Outsiders: back with a vengeance

I’m here in a new bar, but it’s an old bar. The bar that was here before is old and gone, the new old bar is a lot like a bar that used to be in its place years and years ago. It’s dark and humid but the walls are yet to condense into sweat. I’m here as a homecoming, or at least to test a theory about home. Maybe home isn’t a specific place, maybe home is wherever you hang up who you think you are and stretch into the person that your skin hangs on.

So I’m here with the freaks, long hair, short skirts, denim, one-eyed, leather, awkward, coloured hair crowd. The music is loud and the drums rattle through the new sound system like fireworks in a metal bin. I’m ill and achey, but I have a writing problem, the drinks are cheap and it’s my favourite crowd to be alone in.

“We’re back home!” someone shouts, I wish they hadn’t. It kind of steps on the point of this article and sounds hack and untrue, but they do. And anyway, it is kind of home, if not here where else?

Birmingham used to have a thriving rock and alternative scene, one by one the clubs closed, got redeveloped or just plain burnt down. until there were only really two left. Scruffy Murphys by the law courts, and Subside up by the Central Library. Scruffies soon become a bolt hole for regulars, a boarded up bastion against the zombie hordes of normality outside, where people actually went to Subside for a good time.

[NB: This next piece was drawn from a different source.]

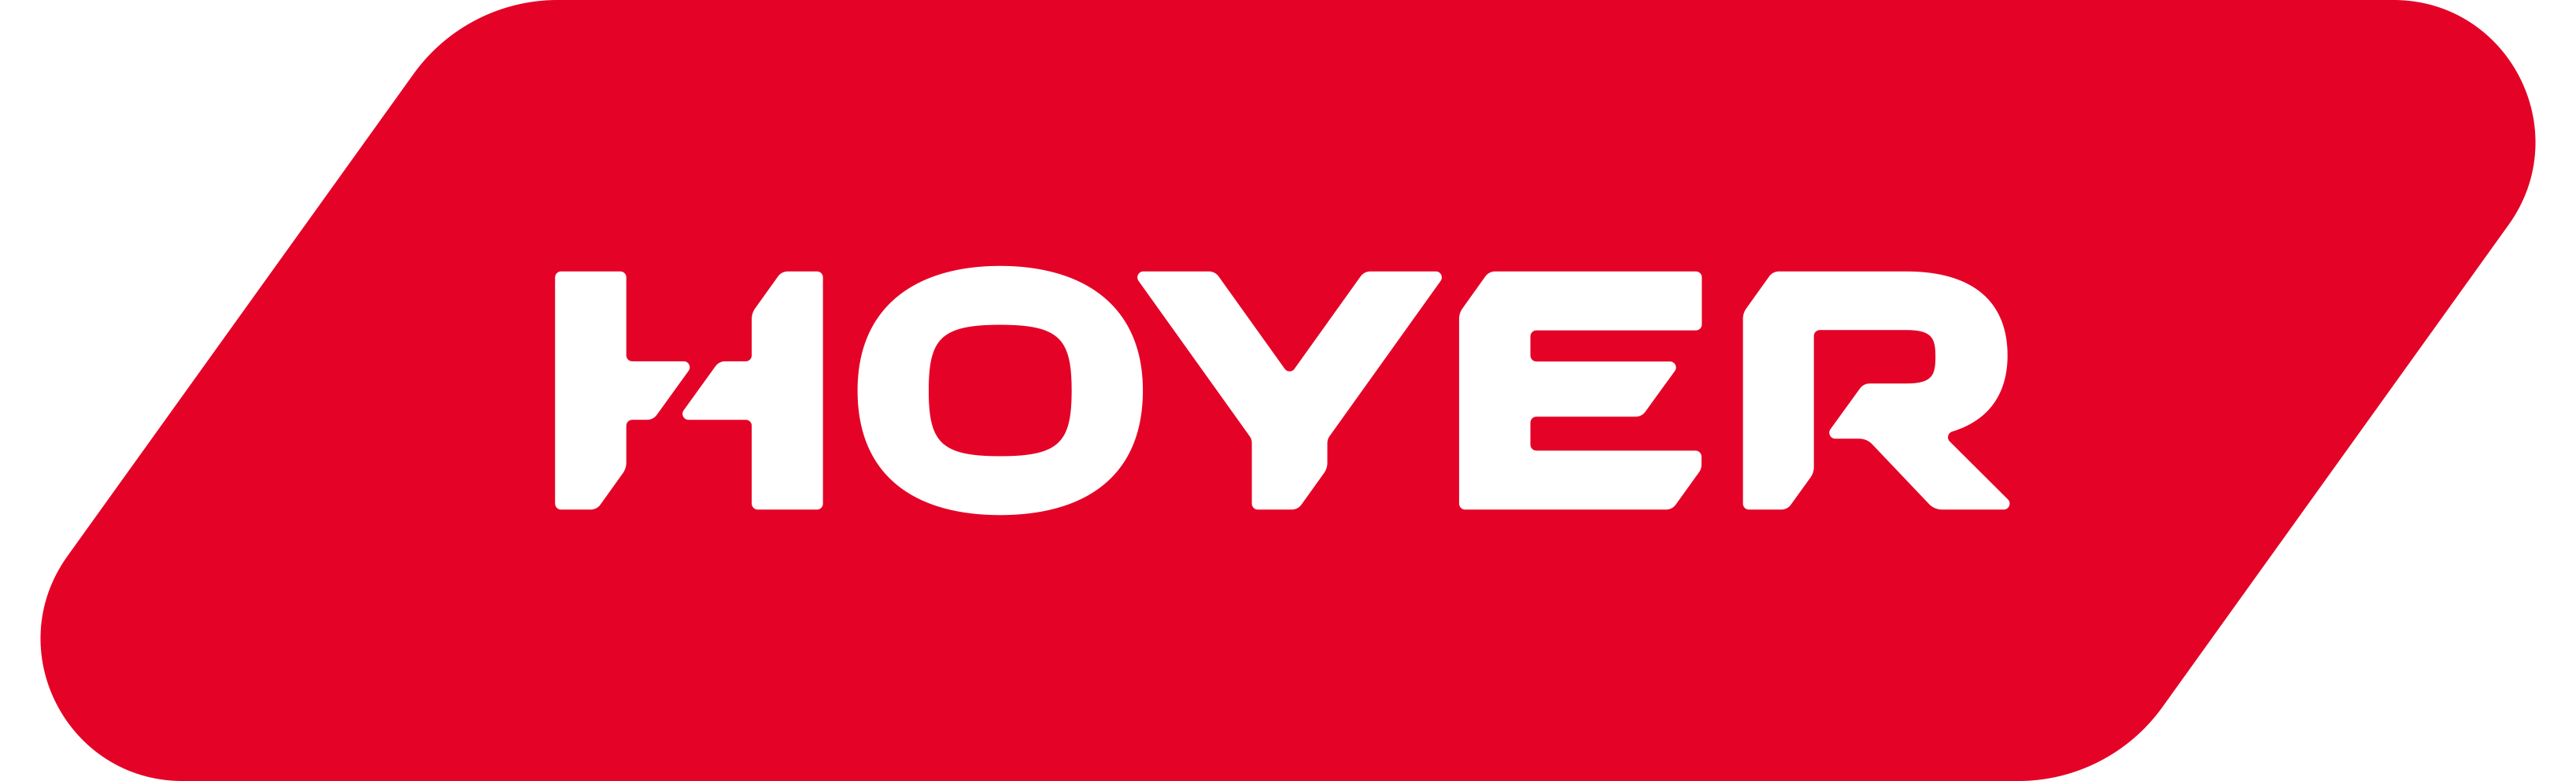 Logo Hoyer 2020 rot

In 2014 a compulsory purchase order was delivered to Subside, and they closed their doors in early Jan this year: since then nothing. until a Facebook group started announcing Subside’s new premises in Digbeth. The site of the Barrel Organ a traditionally rock music venue that spent many years as The Dubliner after it closed.

The rest of the bar scene in Birmingham is all gourmet food and fucking £6 cocktails. Everyone wears waistcoats and tidy beards, and the dark corners where this crowd normally flock to have all been painted eggshell blue and have had a quirky lamp put in them. The old Subside looked exactly like what is was, a cheap lap dancing club turned into a bar, dirty mirrors on the walls, threadbare carpet on the floor and the ghosts of a thousand bad life decisions floating in the air. The new place has dark crimson walls and dark stained wood throughout, it’s a balcony and piano away from being an upmarket wild west whorehouse.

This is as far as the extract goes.